Now I have the requirement to stop using Windows Scheduler and have a third party scheduling software call the .bat file to perform the file copy and delete.

The trouble I am having is that when the third party scheduler calls the job, the job fails because of an 'access denied' error. Obviously the credentials that start the third party scheduler service does not have access to the share I am copying to.

How do I pass the proper network credentials in my script? I don't think I can do it with xcopy!!?? I tried NET USE to try and map a none persisent drive but I can't seem to get the syntax correct.

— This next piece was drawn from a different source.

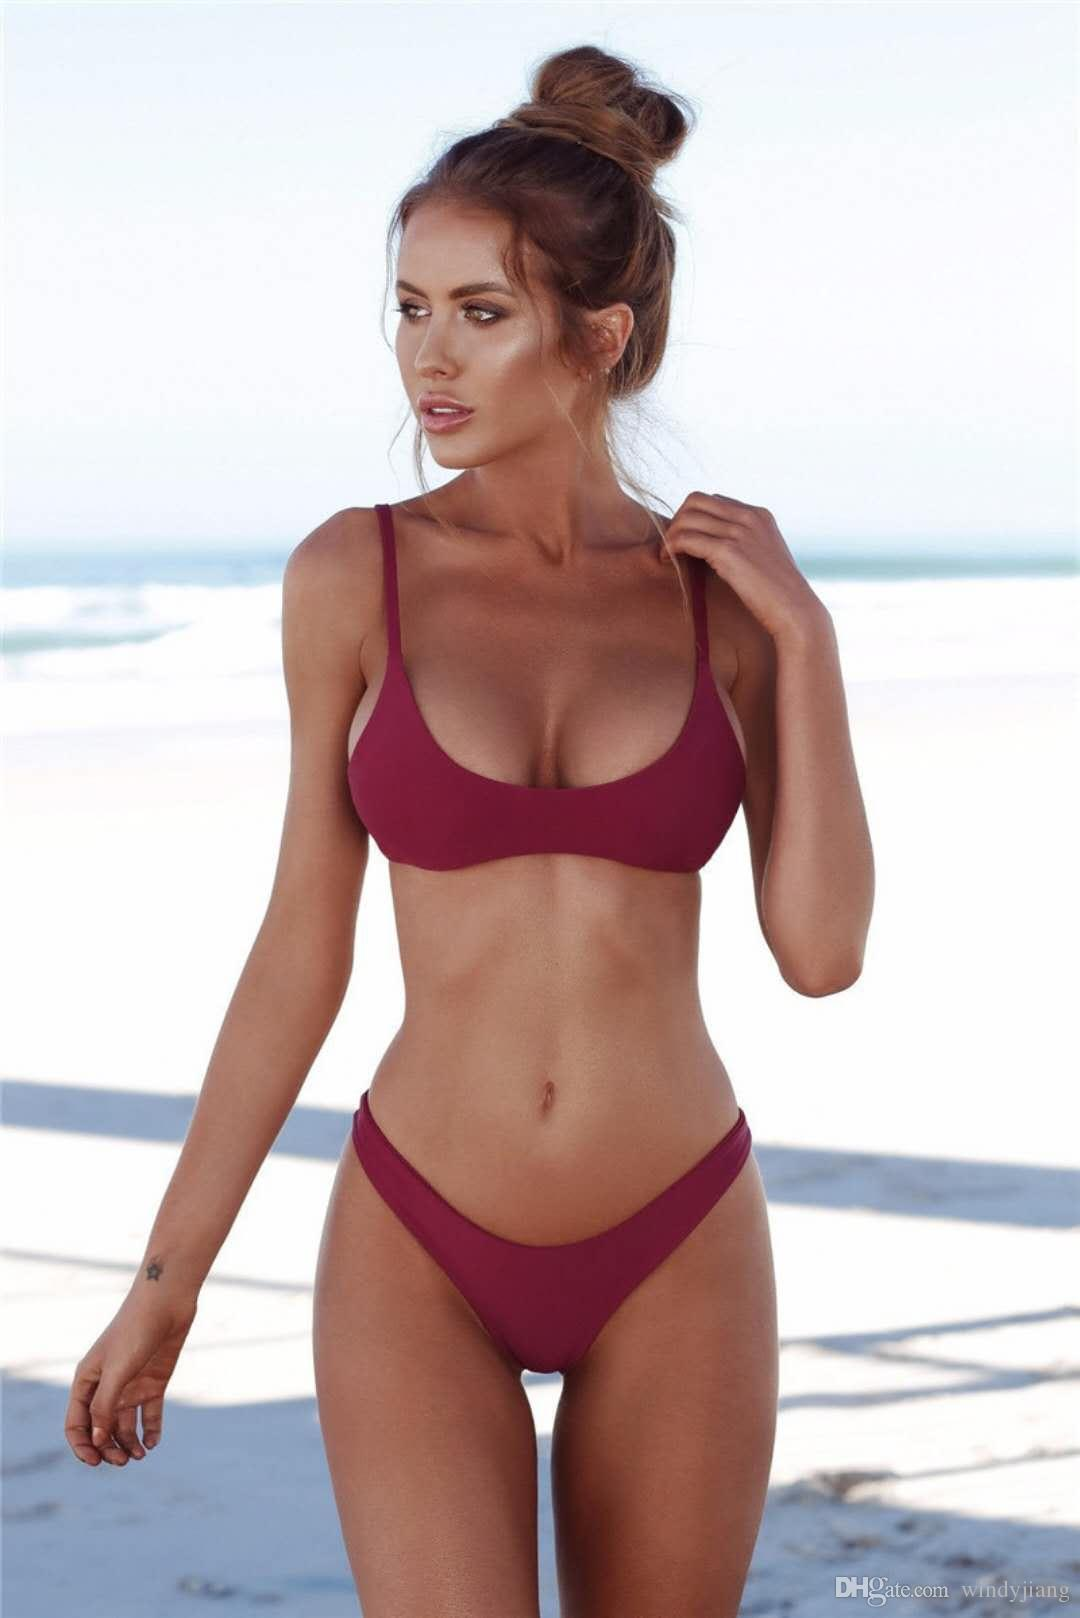 Hot swimsuit bikini model

Does anyone have any suggestions for how I can get this accomplished?


----------



## Impera (Jul 17, 2005)

Hi,

Try invoking your script with the "runas" command. This will let you enter the credentials (user id and password) required to run the script.

Hope it helps


----------



## itsonlyme4 (Jan 2, 2009)

Please forgive my ignornance.. but how would I INVOKE the script using RUNAS. I did RUNAS /? from a command prompt but I still don't understand how to invoke the script using RUNAS. Can you provide the syntax?


----------



## Impera (Jul 17, 2005)

Hi
Open cmd and type:

runas /u:_youruser_ _yourscript.bat_

This will ask you for the youruser password. Once you type it in, the script will be run with the credentials supplied.


----------



## TheOutcaste (Aug 8, 2007)

Problem with RunAs is you have to enter the password each time, which kind of defeats the purpose of running this as a scheduled task.
You can use *savecred* to save the password, but then anyone who knows the username can use RunAs to run _anything_ without needing to know the password, a rather big security hole.

Easiest solution would probably be to change the credentials the third party scheduler service is running under.
Open *Services* (*Start* | *Run*, type *services.msc*, press *Enter*)
Right click the third party scheduler service, click *Properties*
Click the *Log On* tab
Change the selection under *Log on as:* from *Local System Account* to *This account:* and enter the credentials for the account you want to use..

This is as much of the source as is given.